PAUL CLÉMENT-COLLIN - 13 mars 2017

Michael est grand, imposant, chaleureux, et comme il n’est pas français, il a le tutoiement facile, ce qui n’est pas pour me déplaire. Ce jour-là, mardi 7 mars, Michael a beaucoup de travail, mais il prend le temps de me recevoir ainsi que quelques confrères. Oui, son job m’intéresse, et vue l’actualité de son entreprise, c’est un peu normal : on ne relance pas impunément une marque comme Alpine. Lui, c’est Michael Van Der Sande, et c’est le PDG d’Alpine depuis presque 1 an ½ en remplacement de Bernard Ollivier (qui reste DG de la petite marque normande).

« Si je ne suis le patron que depuis peu, cela ne veut pas dire que je prends le train en marche. En tant que responsable de la stratégie des marques, auparavant, chez Renault, je me suis naturellement beaucoup impliqué aux côtés de Bernard Ollivier pour relancer Alpine ». Voilà qui est dit ! Mais vus les enjeux d’une telle relance, Renault a du se dire qu’il était bon d’y mettre à sa tête un pro du business du « sport premium », ancien de chez Aston Martin !

Le discours est rodé : « step by step », ce qui n’est pas pour me déplaire quand tant de marques ont voulu aller trop vite.
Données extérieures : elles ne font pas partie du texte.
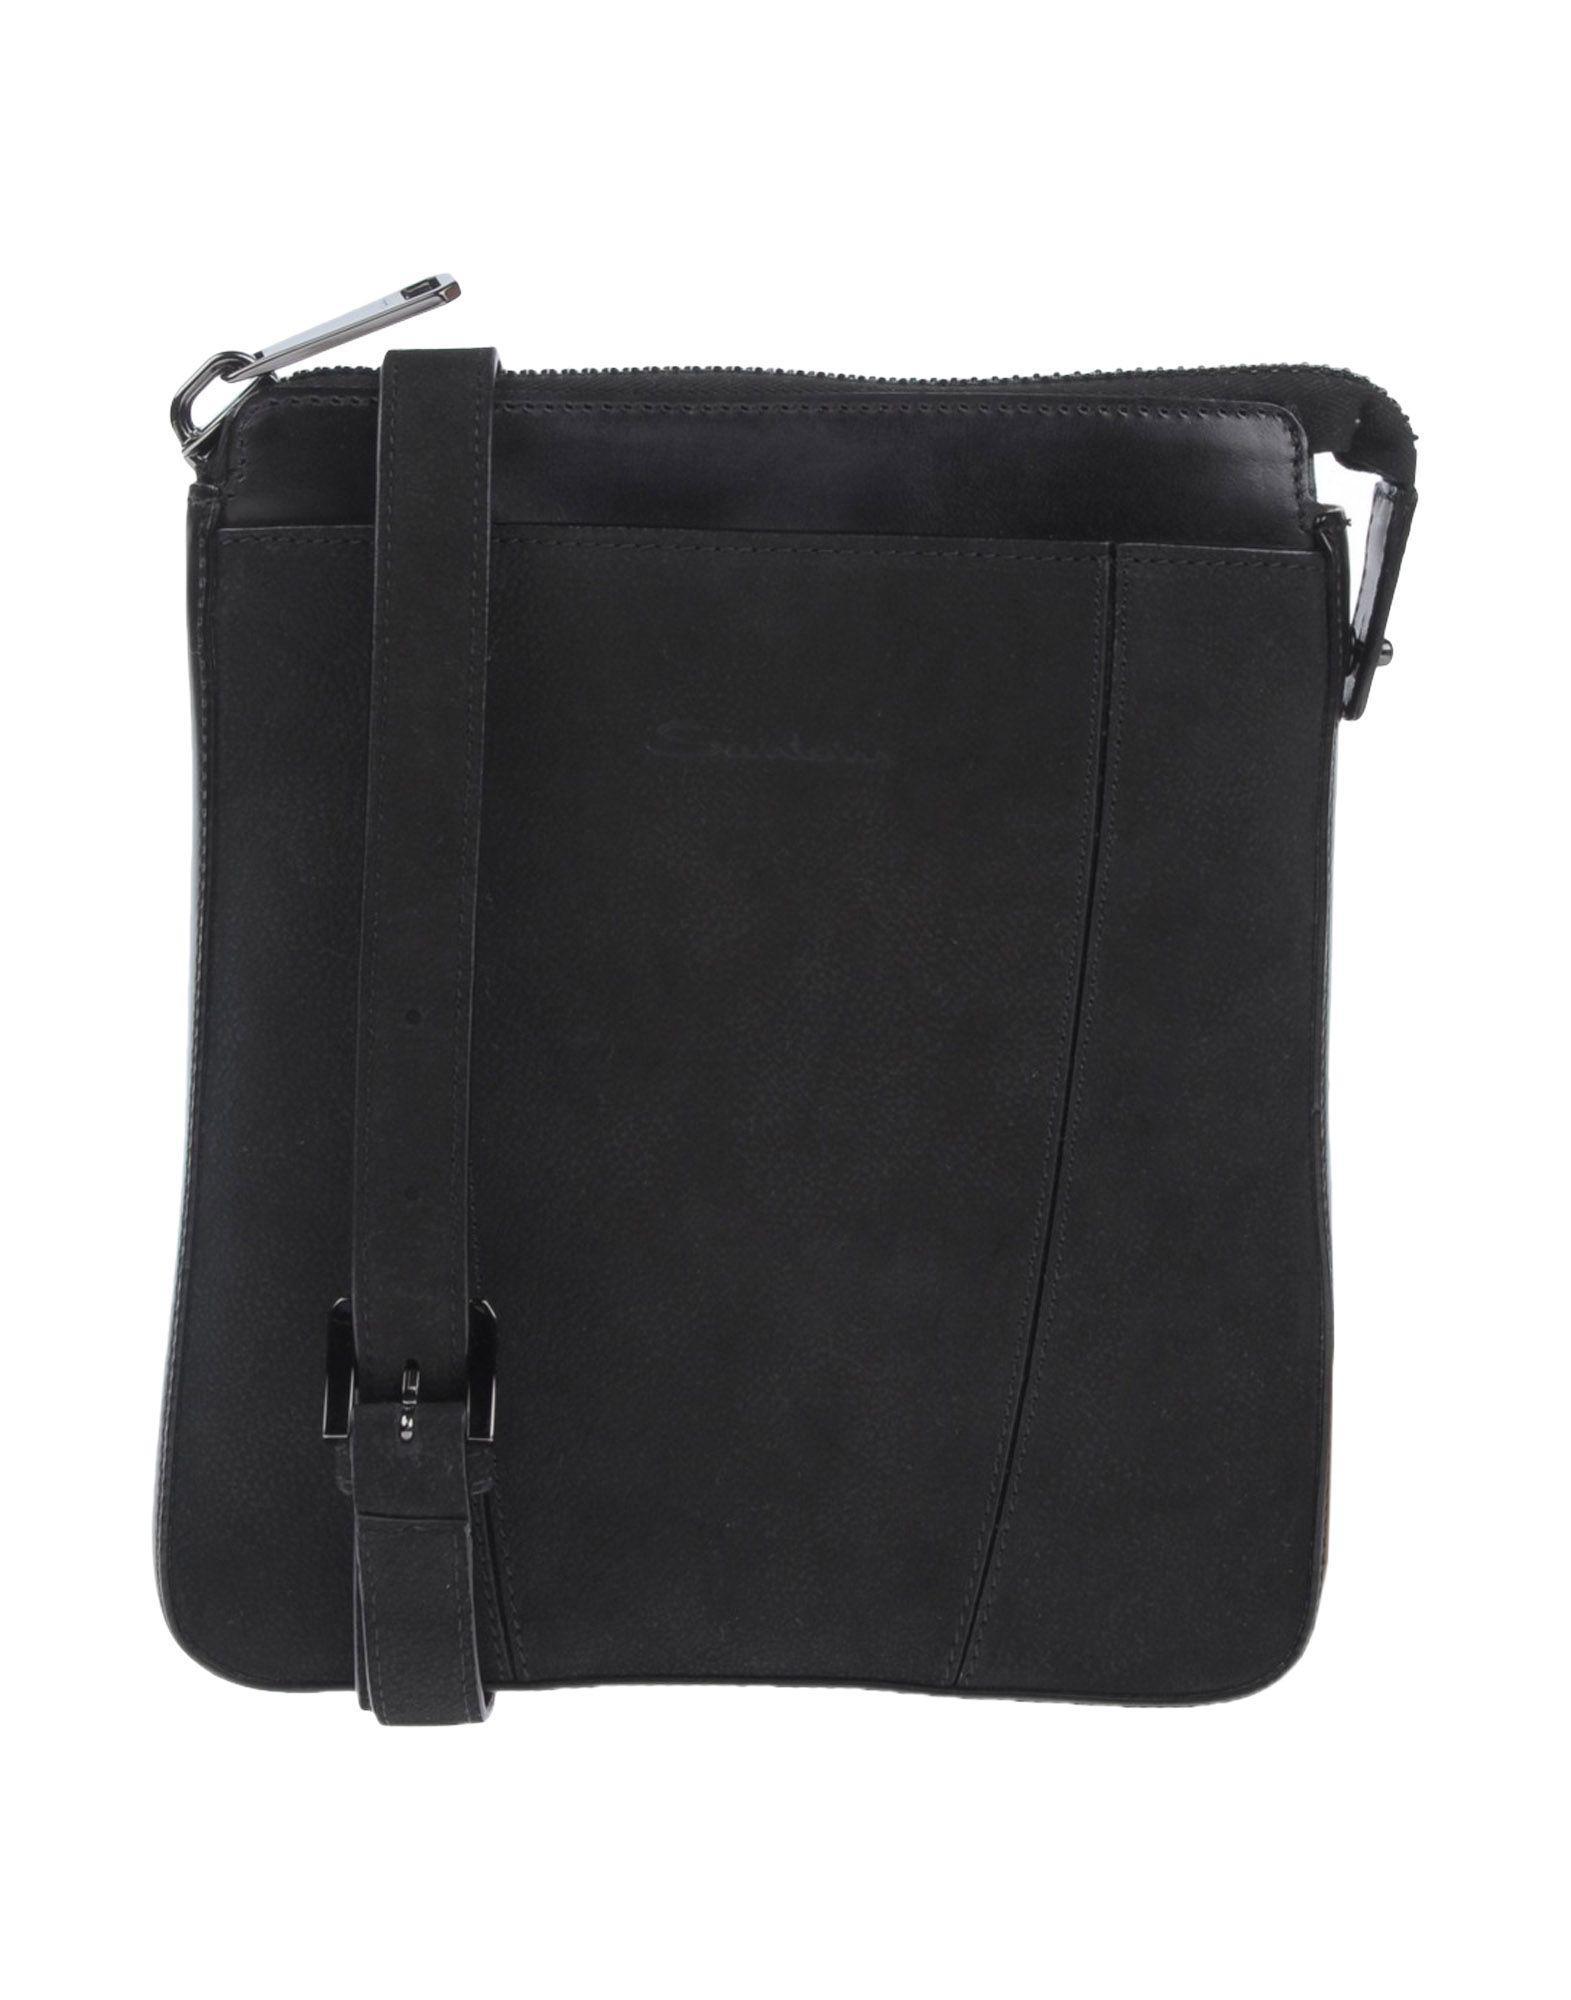 BAGS - Cross-body bags Santoni I4Y4gkm

A entendre Michael Van Der Sande, on comprend bien que Renault veut installer durablement Alpine, et que pour cela, il faut bien faire et bien vendre ce premier modèle avant d’en imaginer des déclinaisons plus puissantes, ou cabriolet, ou bien encore une gamme plus large de modèles : « Bien sûr qu’on a dans la tête 8 ou 10 projets potentiels pour développer la marque, mais on n’en est pas encore là ».
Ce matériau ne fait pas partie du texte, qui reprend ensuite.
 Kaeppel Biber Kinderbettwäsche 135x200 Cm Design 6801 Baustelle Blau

La question est sur toutes les lèvres, car à l’annonce de la puissance du 4 cylindres 1.8 Turbo qui équipe l’Alpine A110 en position centrale arrière, 252 chevaux, beaucoup se sont dit que c’était bien peu. Mais lui semble confiant : «  tu sais, tout n’est pas qu’une question de puissance, mais aussi de poids, nous avons tout fait pour abaisser le poids de la voiture à son maximum, 1080 kg – réservoir plein – et surtout, l’important pour une Alpine, ce n’est pas la performance pure, mais son aptitude à enchaîner les virages, sa maniabilité ».
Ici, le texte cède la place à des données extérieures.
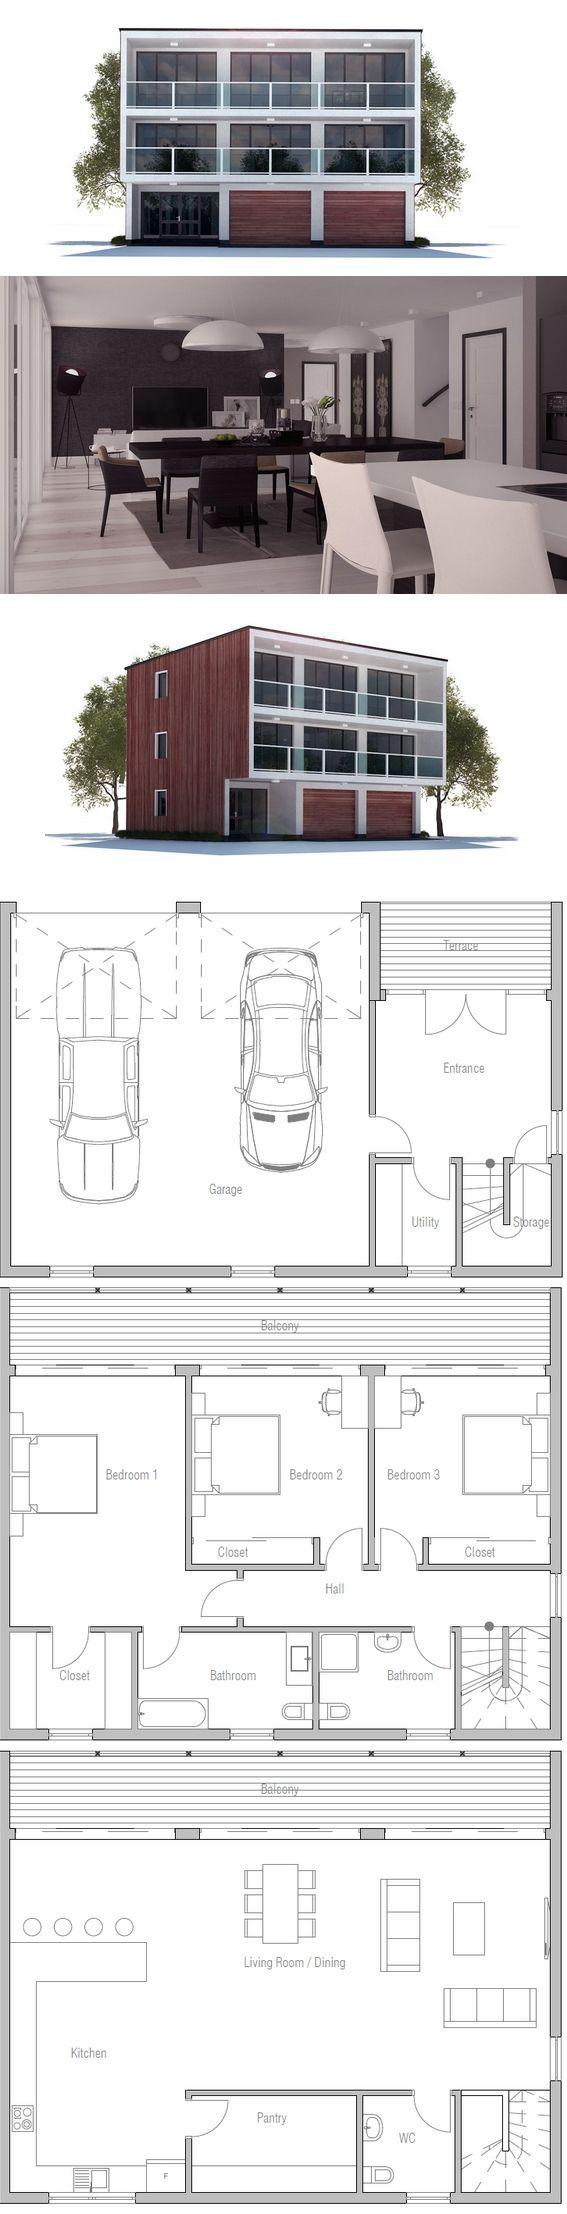 17 best images about duplex fourplex plans on pinterest for Fourplex plans with garage

Le discours est rodé mais le patron y ajoute une touche personnelle qu’on ne verra pas souvent dans les communiqués de presse : « on est pas nombreux à l’avoir conduit tu vois, mais ceux là sont descendus de la voiture avec le sourire » ! Dont acte, en espérant pouvoir l’essayer (NDLR: on l’a essayée depuis, et il avait raison le bougre, lire aussi: l’essai de l’Alpine A110 2017). Ce ne sera pas tout de suite, puisque la production de l’A110 débutera vraiment dans le courant de l’année, en tout cas avant la fin de l’année.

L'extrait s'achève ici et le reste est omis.